Suleman Sani

Personal information
- Full name: Suleman Sani
- Date of birth: 1 September 2006 (age 20)
- Place of birth: Nigeria
- Height: 1.75 m (5 ft 9 in)
- Position: Winger

Team information
- Current team: RB Leipzig
- Number: 18

Youth career
- 0000–2024: Wikki Academy

Senior career*
- Years: Team / Apps / (Gls)
- 2024: Akwa United / 15 / (11)
- 2024–2026: AS Trenčín / 34 / (5)
- 2026–: RB Leipzig / 0 / (0)

International career
- 2025–: Nigeria U20 / 3 / (0)

= Suleman Sani =

Nigerian footballer (born 2006)

Suleman Sani (born 1 September 2006) is a Nigerian professional footballer who plays as a winger for club RB Leipzig.

He is considered to be one of the best young Nigerian talents.

== Club career ==
Sani had previously been playing with Wikki Tourists, a team in the Nigeria National League, before transferring to Akwa United in the mid-season transfer window of 2023–24.

=== Akwa United ===
The 17-year-old forward was instrumental in Akwa United's efforts during the 2023–24 season, netting 11 goals and contributing five assists in 15 league matches. His performances not only aided Akwa United in evading relegation but also secured him the Rookie of the Season award at the 2024 League Bloggers Awards. In the 19 games he played for Akwa United, he was voted Man of the Match seven times.
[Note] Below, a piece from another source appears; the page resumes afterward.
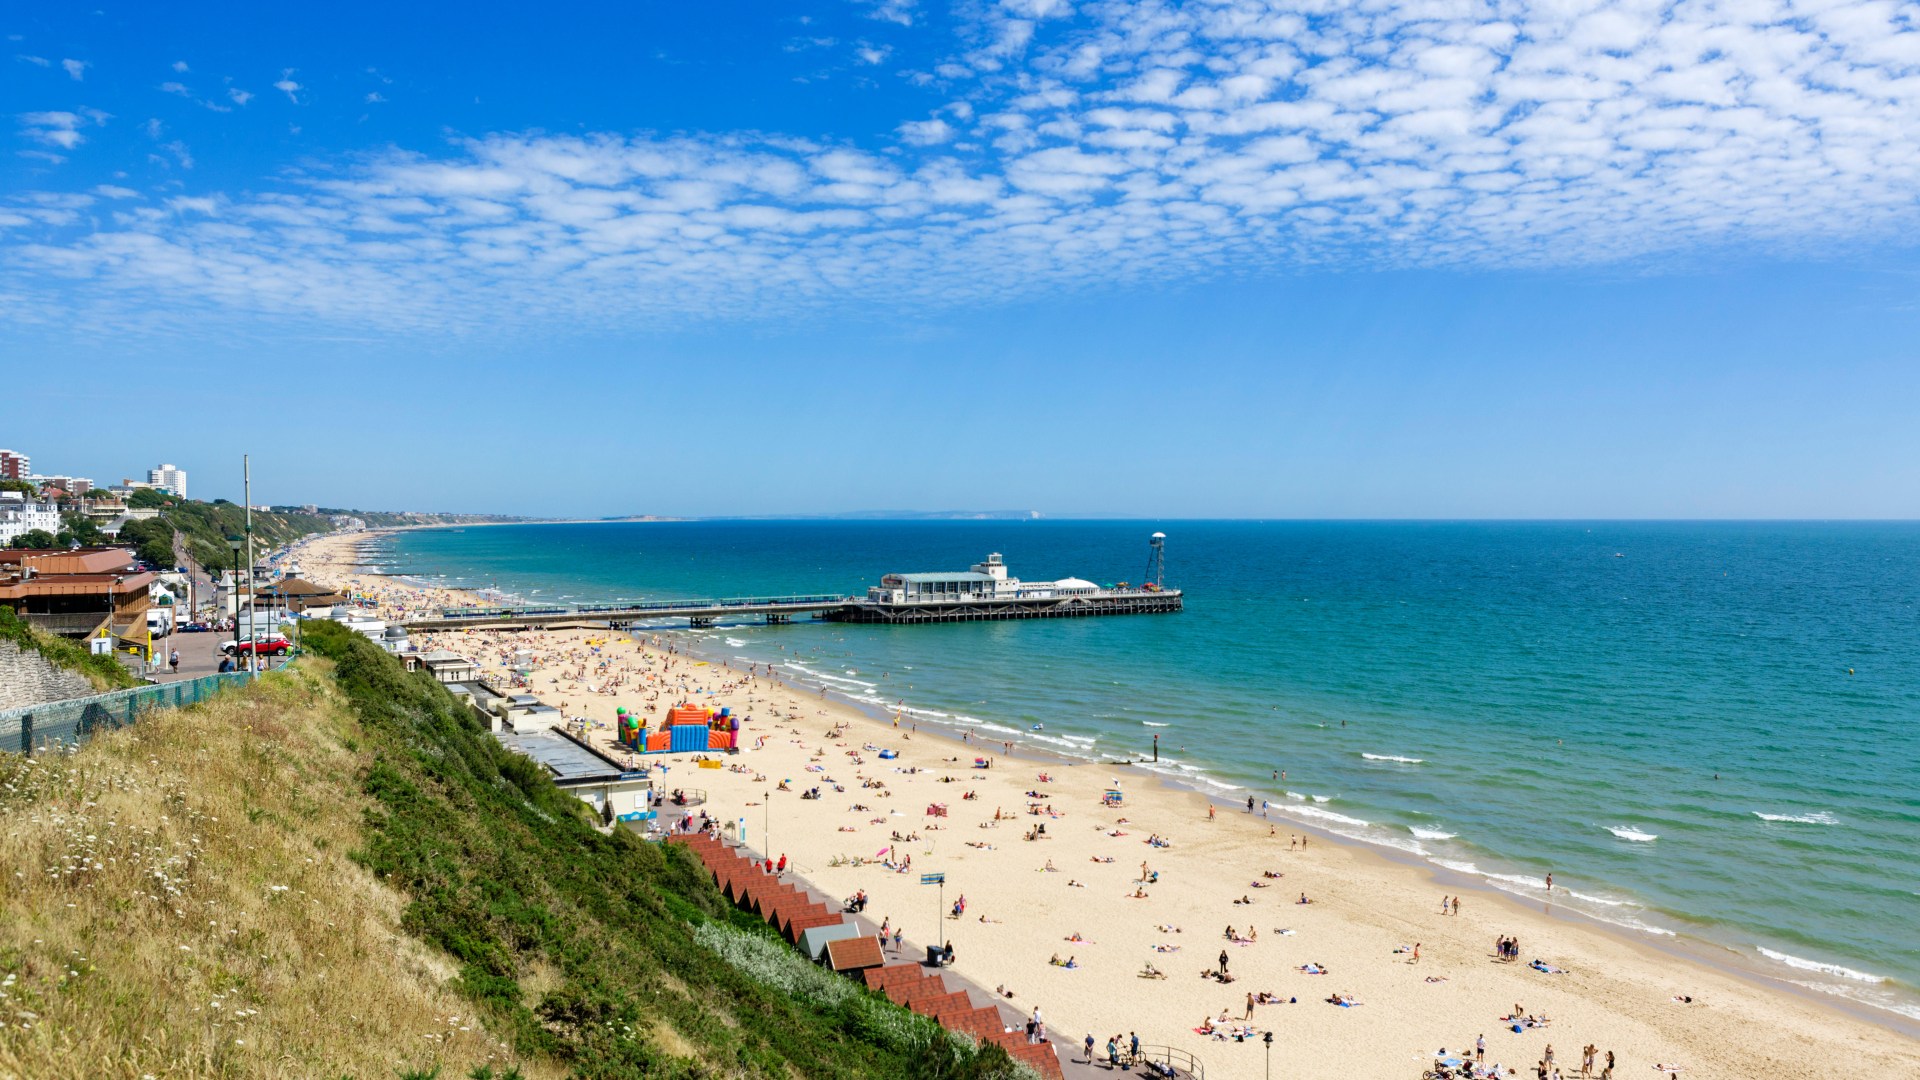 Discover the Top Beaches Worldwide – 4 UK Spots Rank High on the List

Sani was able to score 11 goals and provide 5 assists in his first season with Akwa United.

=== Trenčín ===
On 22 July 2024, it was announced that Sani would be joining Slovak club AS Trenčín on a two-year contract with an option for another year. He would make his debut in the Slovak First League in a 1–1 draw against Zemplín Michalovce, coming onto the game as a substitute in the 85th minute. Sani scored his first goal for the red and whites in a 2–2 draw against Dukla Banská Bystrica, scoring in the 66th minute to level the game. He received a red card in a 1–0 home defeat against Spartak Trnava after a clash with Roko Jureškin. Sani would score the winning goal for his club in a 3–2 win over league newcomers Tatran Presov, scoring in the 78th minute to increase the score to 3–1 in his clubs favor. He also scored in the 32nd minute to level the game to 1–1. In October 2025, it was reported that Tottenham Hotspur and Bayer 04 Leverkusen had an interest in signing Suleiman. In a 1–0 home loss in the league against KFC Komárno, Sani was sent off in the 85th minute after diving in the opponents box and receiving a second yellow. The sending off was criticized by Trenčín manager Ricardo Moniz as being “very unnecessary”.

=== RB Leipzig ===
On 13 January 2026, Sani moved to Germany, joining Bundesliga club RB Leipzig on a contract until June 2031, for a reported fee of €5 million, which could rise to €6 million with add-ons. He became the most expensive transfer from Trenčín and 4th most expensive in the history of the Slovak league.

== International career ==
In September of 2025, it was announced that Sani would be a part of the Nigerian U20 team competing in the 2025 FIFA U-20 World Cup. He played in all 3 matches in the group stages, assisting a goal in a 3–2 win against Saudi Arabia U20. Sani would miss the round of 16 clash against Argentina U20 due to suspension. Argentina would win the game 4–0, knocking Nigeria out of the competition.

== Style of play ==
Sani has been described as being good with both feet, quick, technically skilled and creative.